Task details:
Setting aside any pictures, reproduce the data exactly.

Information provided:
________________________________________

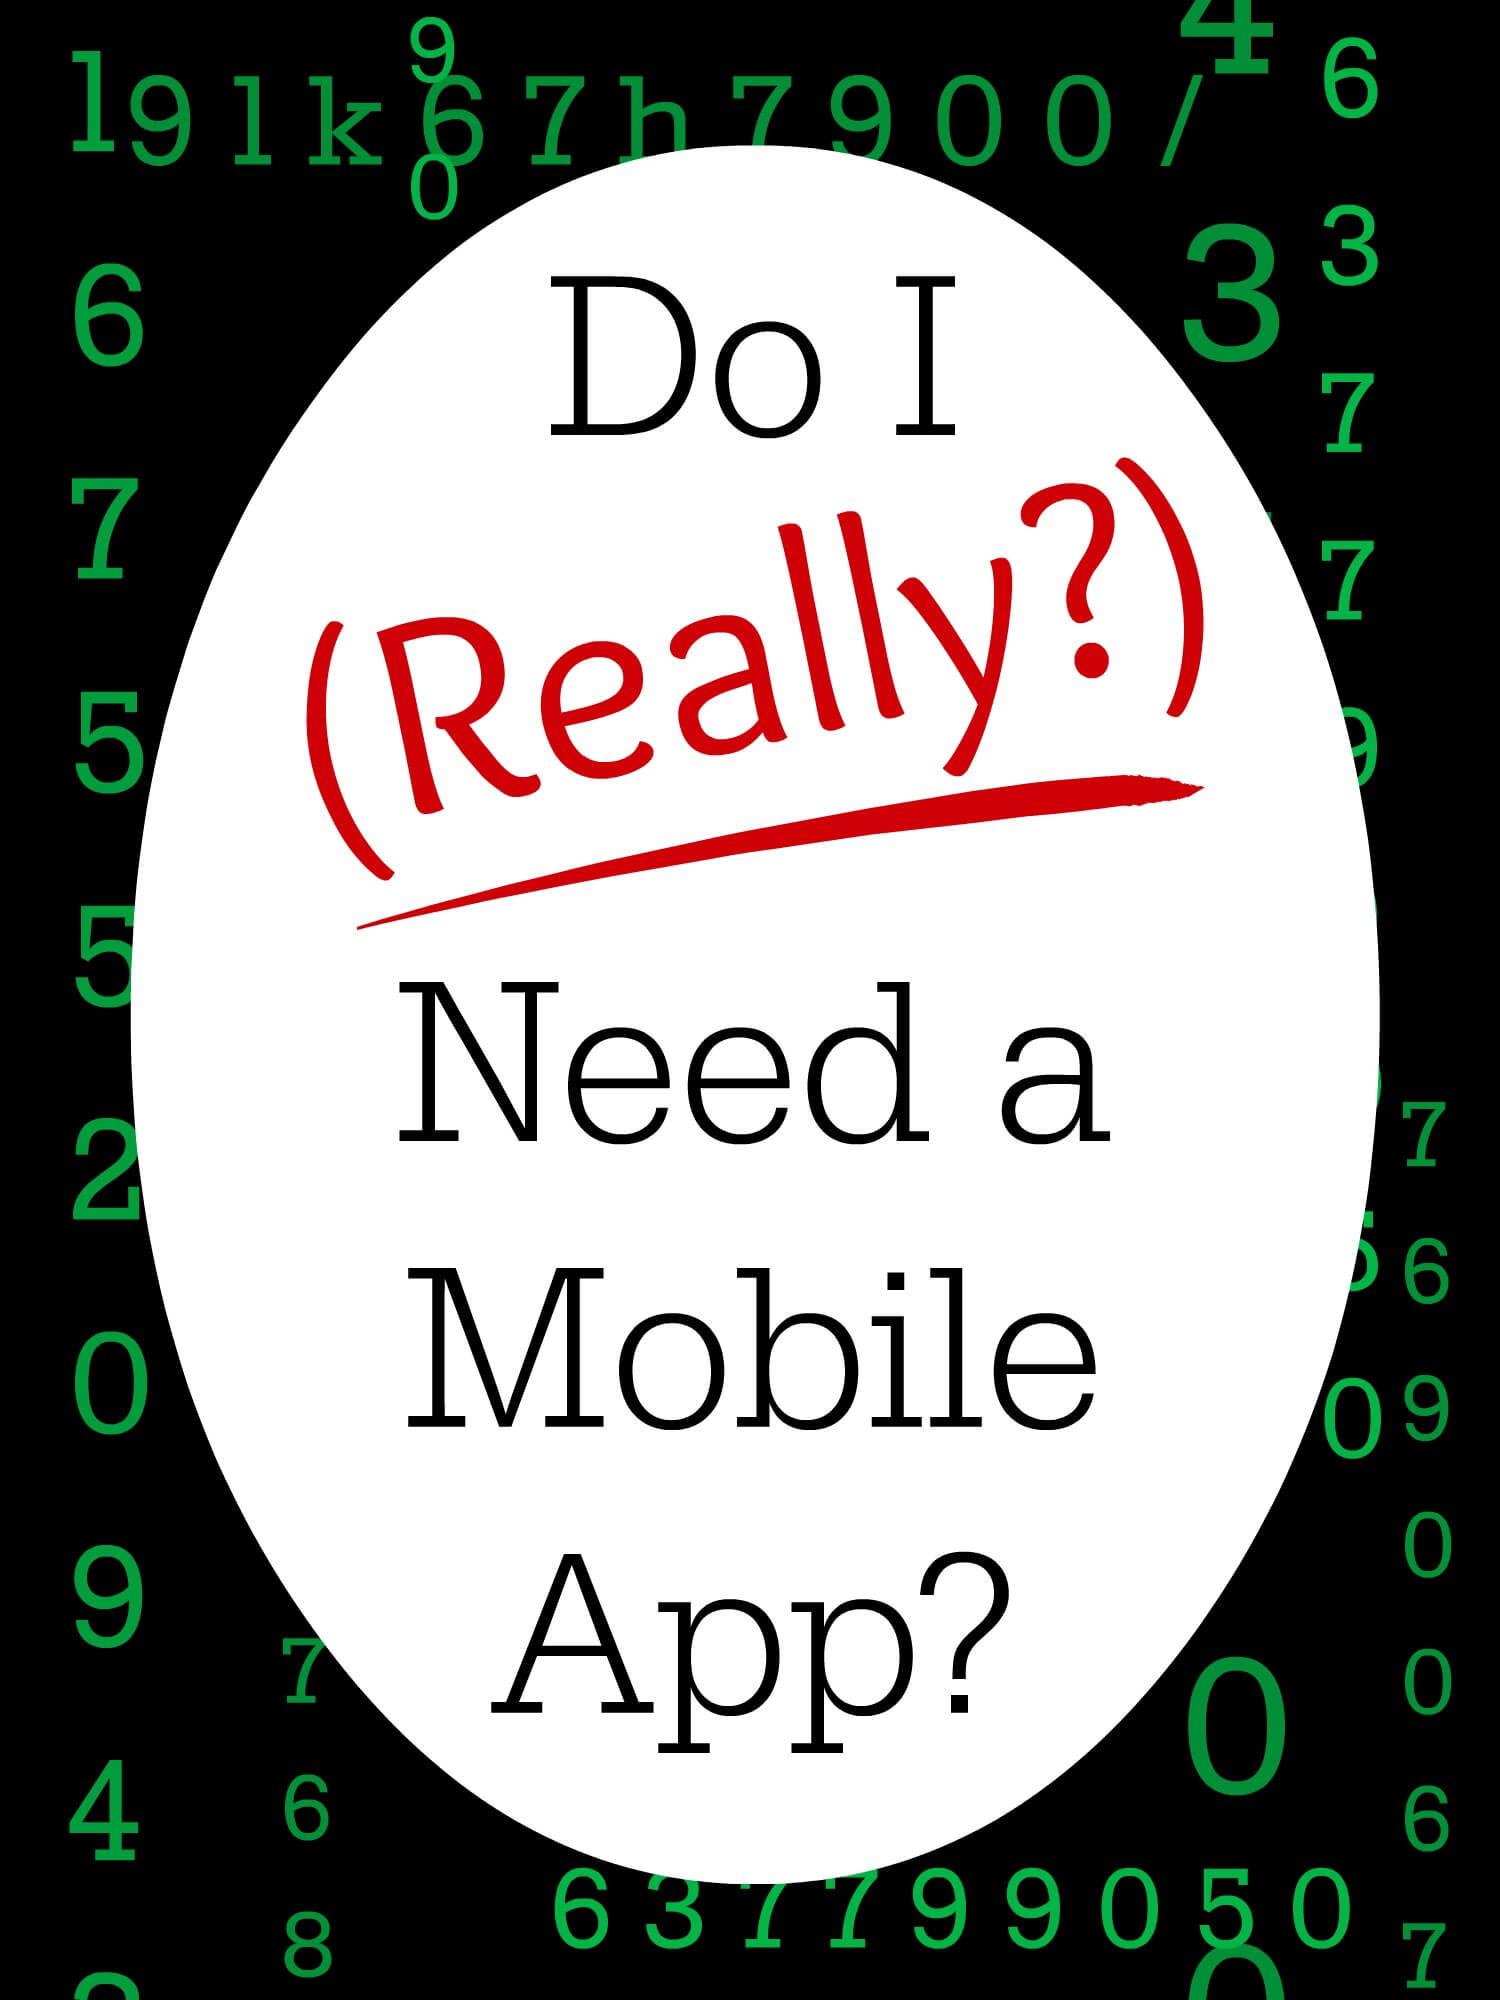 do i really need a mobile app
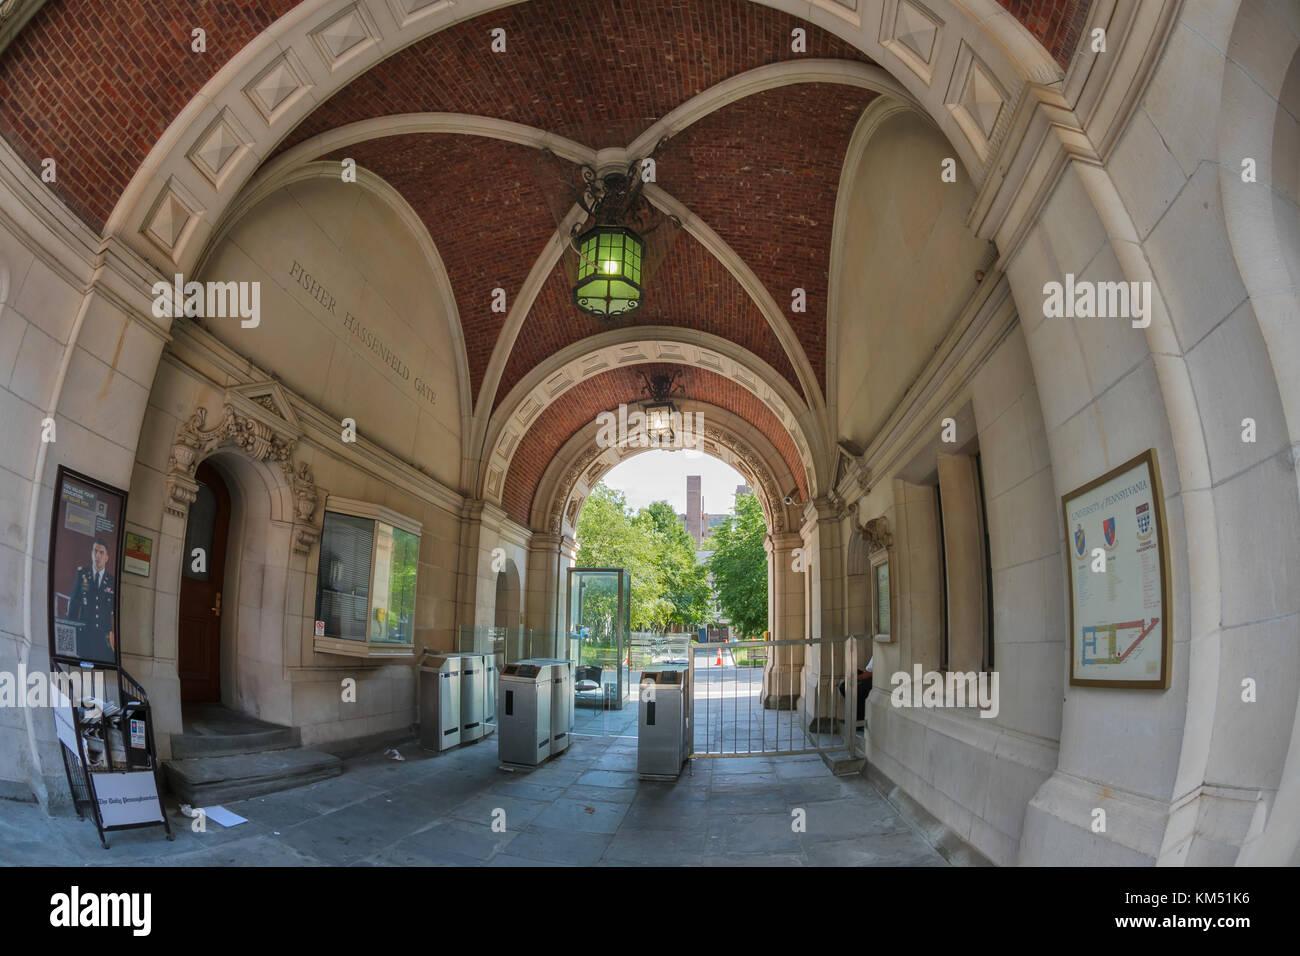 La famosa Universidad de Pensilvania, Filadelfia, EE.UU. Imagen De Stock
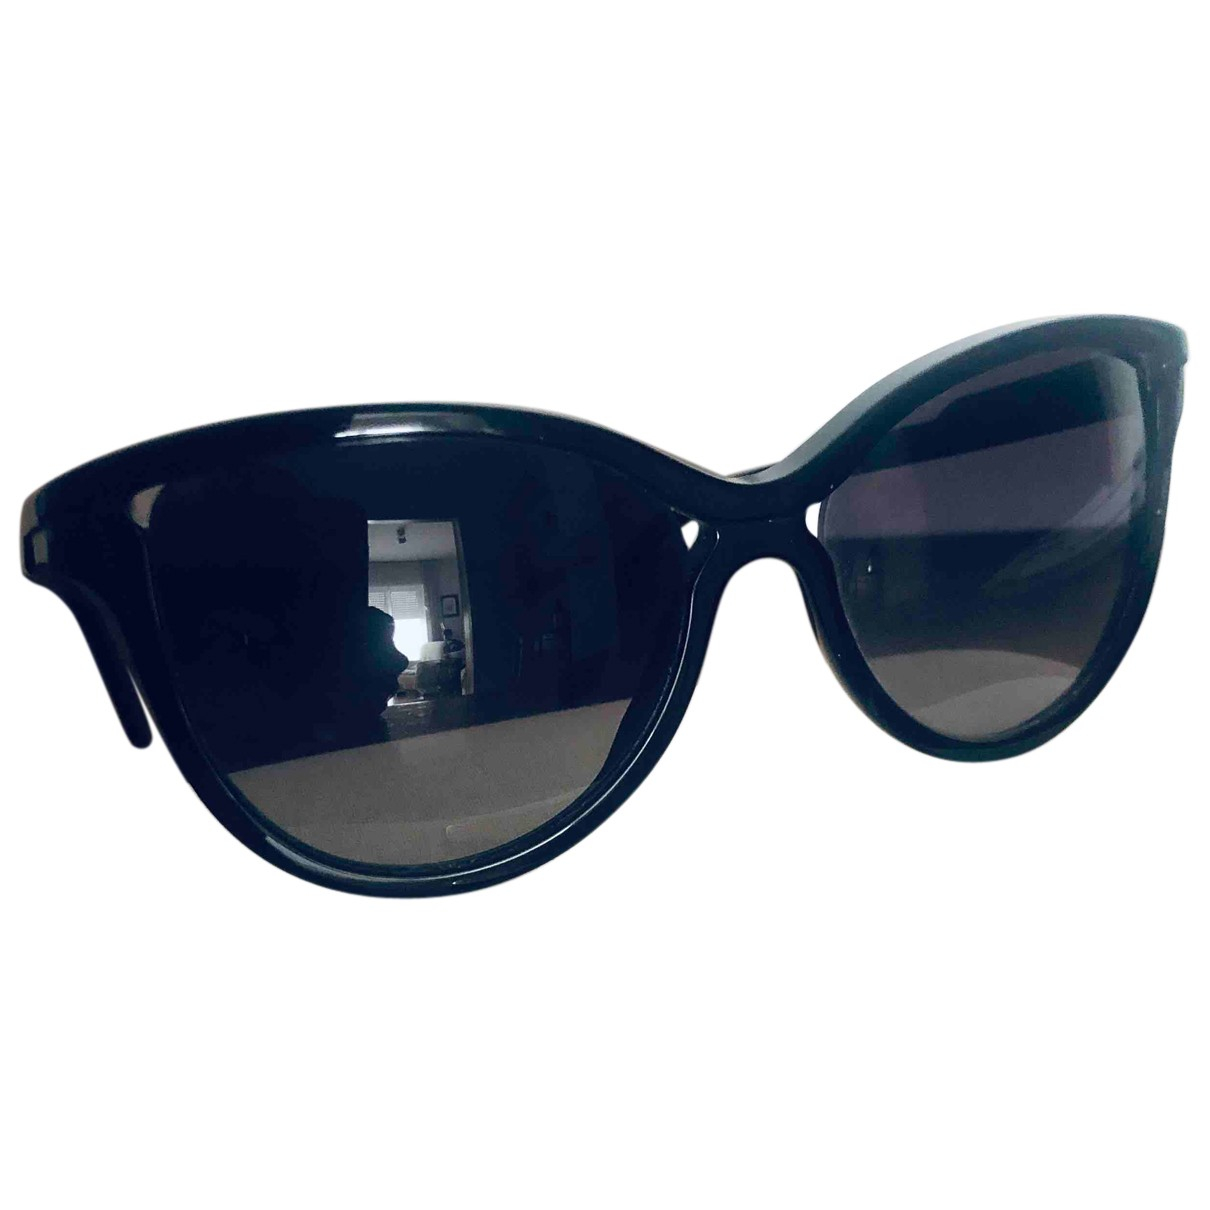 Stella Mccartney N Black Sunglasses for Women N

________________________________________

Written solution:
 do i really need a mobile app
 La famosa Universidad de Pensilvania, Filadelfia, EE.UU. Imagen De Stock
 Stella Mccartney N Black Sunglasses for Women N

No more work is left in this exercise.